De waarden voor de sterktereductiefactor worden weergegeven in de tabel 3. De betonplaatsingsfactor varieert van 0.75 naar 1.0, afhankelijk van de paalconstructiemethode. Echter, voor andere palen dan beton en grout, k wordt genomen als 1.0.

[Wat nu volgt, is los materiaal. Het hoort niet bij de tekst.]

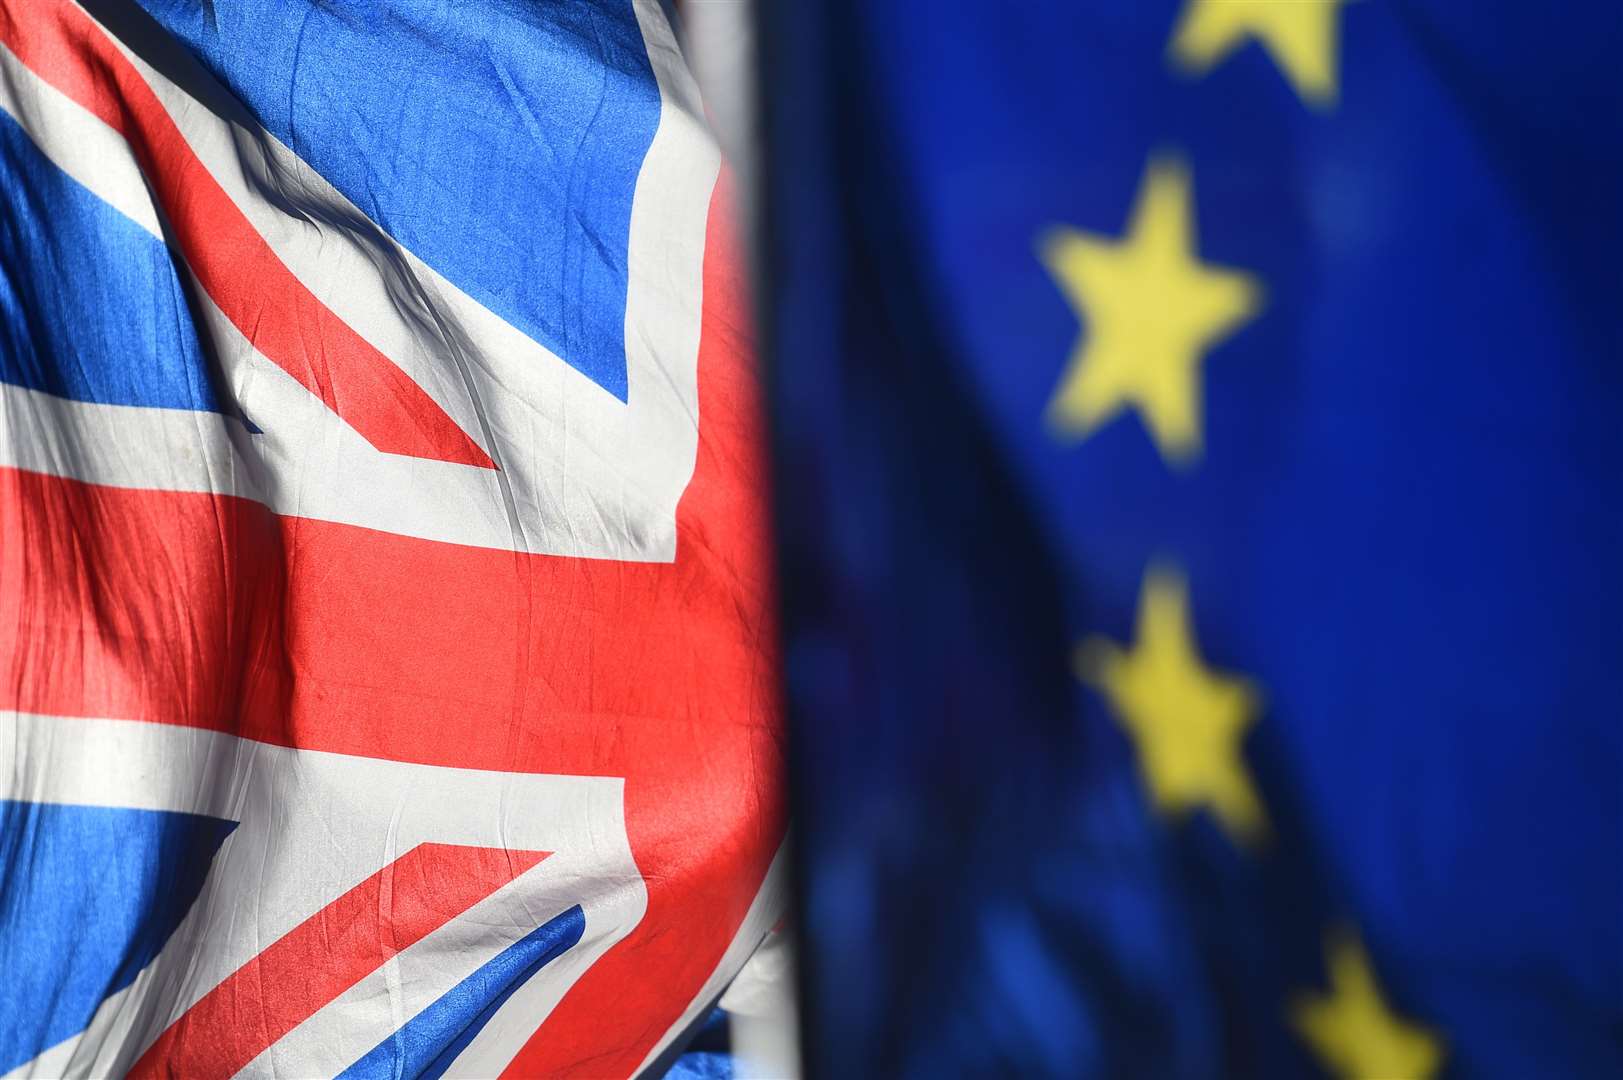 The Brexit transition period ends on December 31

Krachtverminderingsfactoren (O)
Axiale kracht zonder buiging 0.65
Buigen zonder axiale kracht (Opb) 0.65 ≤ 1.24 – [(13 × kuo)/12] ≤ 0.85
Buigen met axiale compressie:
(ik) Nu ≥ Nub 0.60
(ii) Nu < Nub 0.60 + {(Opb – 0.66) × [1 – (Nu/Nub)]}
Schuintrekken 0.70

Tafel 3: Factoren voor sterktevermindering (Tafel 2.2.2, NET ZO 3600-18)

Axiale en buigcapaciteiten van een enkele paal

Vergelijkbaar met kolommen, palen kunnen ook worden onderworpen aan gecombineerde druk- en buigbelasting. Axiale en buigcapaciteiten worden gecontroleerd met behulp van een interactiediagram. Dit diagram is een visuele weergave van het gedrag van de buig- en axiale capaciteiten veroorzaakt door een toename van de belasting vanaf het zuivere buigpunt totdat een gebalanceerd punt wordt bereikt.

 

Figuur 1: Kolom interactie diagram

Squashlading (Nuo)

Het squashlastpunt is een punt in het diagram waar de paal zal bezwijken bij pure compressie. Op dit punt, de axiale belasting wordt uitgeoefend op het kunststof zwaartepunt van de sectie om onder druk te blijven zonder te buigen. Squashbelasting (Nuo) en de locatie van het plastic zwaartepunt (dq) worden berekend zoals weergegeven in vergelijkingen (7) & (8). Hoewel de locatie van het plastic zwaartepunt kan worden aangenomen als 1/2 van de totale diepte van de doorsnede voor symmetrische doorsneden met symmetrische wapeningsindeling.

\( {N}_{uo} = ø × [({EEN}_{g} – {EEN}_{s}) × ({een}_{1} × f’c) + ({EEN}_{s} × {f}_{de opwaartse bodemdruk veroorzaakt bidirectionele buiging met trekspanningen aan het bodemoppervlak})] \) (7)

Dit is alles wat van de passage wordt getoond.